With the natural delegation of domestic responsibilities, some people are bestowed the jobs that require such skills as brute force, persuasive ingenuity, and unyielding diplomacy (as in dealing with the telephone company), whereas others are simply saddled with the task of deciphering whether the yogurt has gone bad. There is one in every household, maybe not an authority, but someone who everyone defers to when the beans smell a little too floral or the milk has taken on a new level of lactic dimension. “Here–tell me if this is still good?” is most often the question posed to these select few, and with time, and a decent sniffer, most of these defacto experts rise to the occasion. And for years all consumers had to rely on at least 4 of their five senses to keep food poisoning at bay.
Over the past few decades an imperfect system has been put in place to nominally aid consumers in figuring out which foods are worth consuming and which foods have passed their prime–it is called the expiration date. You will find them on everything from cartons of milk to boxes of pancake mix and virtually everything that is packaged and sold in grocery store. Some people live their lives in accordance with the expiration date whereas others treat it as a sort of yardstick and routinely consume a food product well beyond the expiration date.

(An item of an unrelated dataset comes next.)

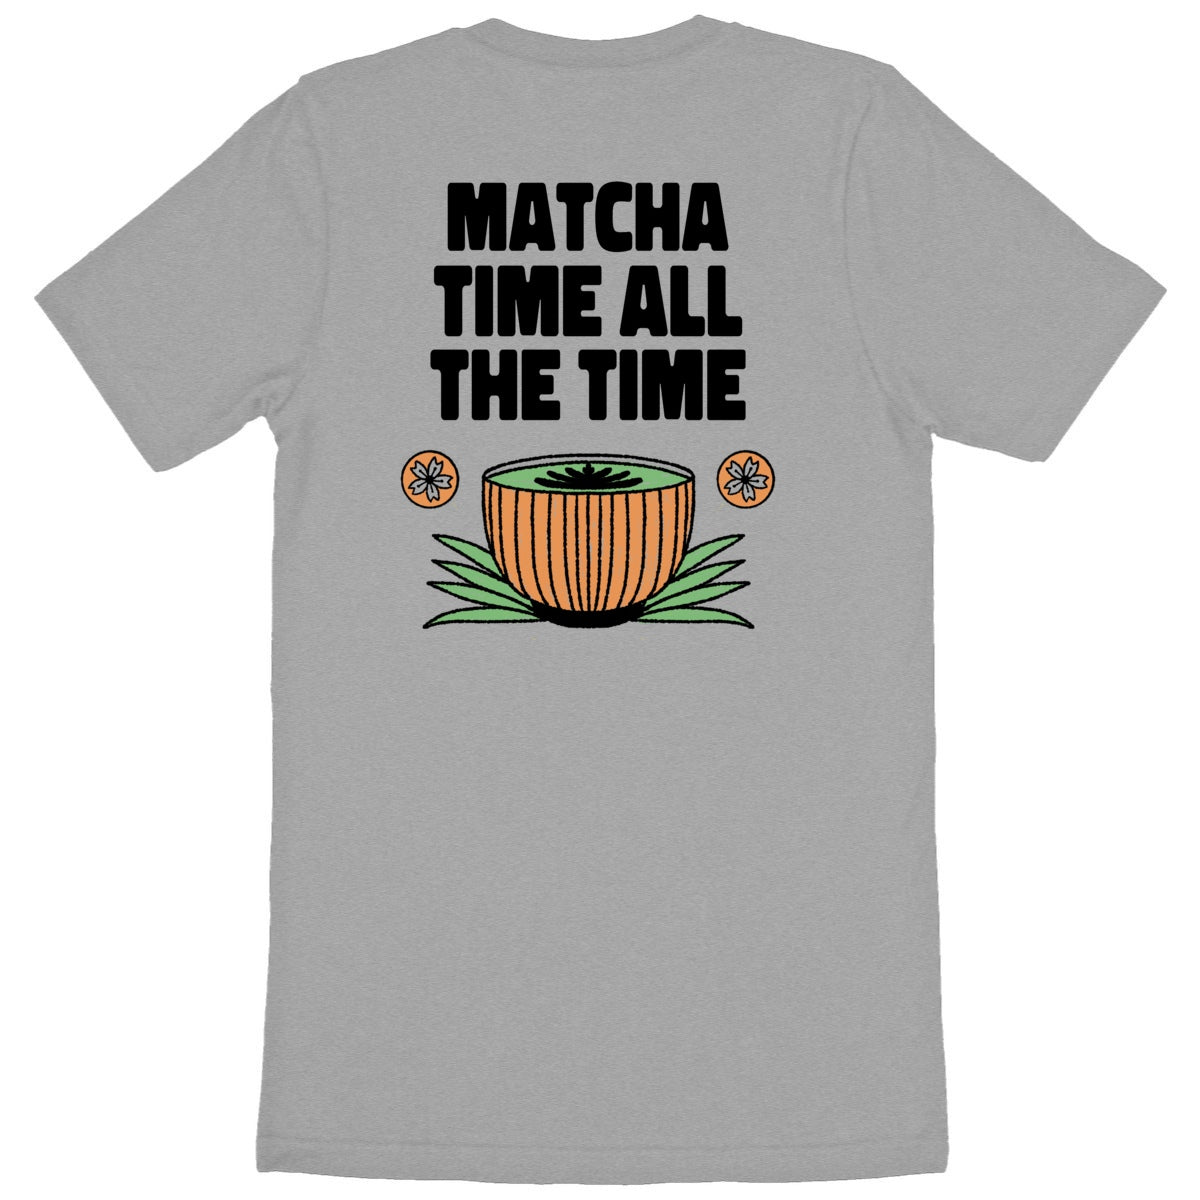 Matcha time all the time - Organic T-shirt

A recent article by Nadia Arumugam on Slate.com titled “Ignore Expiration Dates” casts a serious doubt over the efficacy and validity of expiration dates. As it stands, there are no federal regulations that govern expiration dates, except for in the case of infant food and baby formula. All other expiration dates are decided upon by the manufacturers whim, or at least the most conservative estimates regarding the shelf life of a product. According to Arumugam, the expiration date printed on a carton of milk or a chicken breast means very little.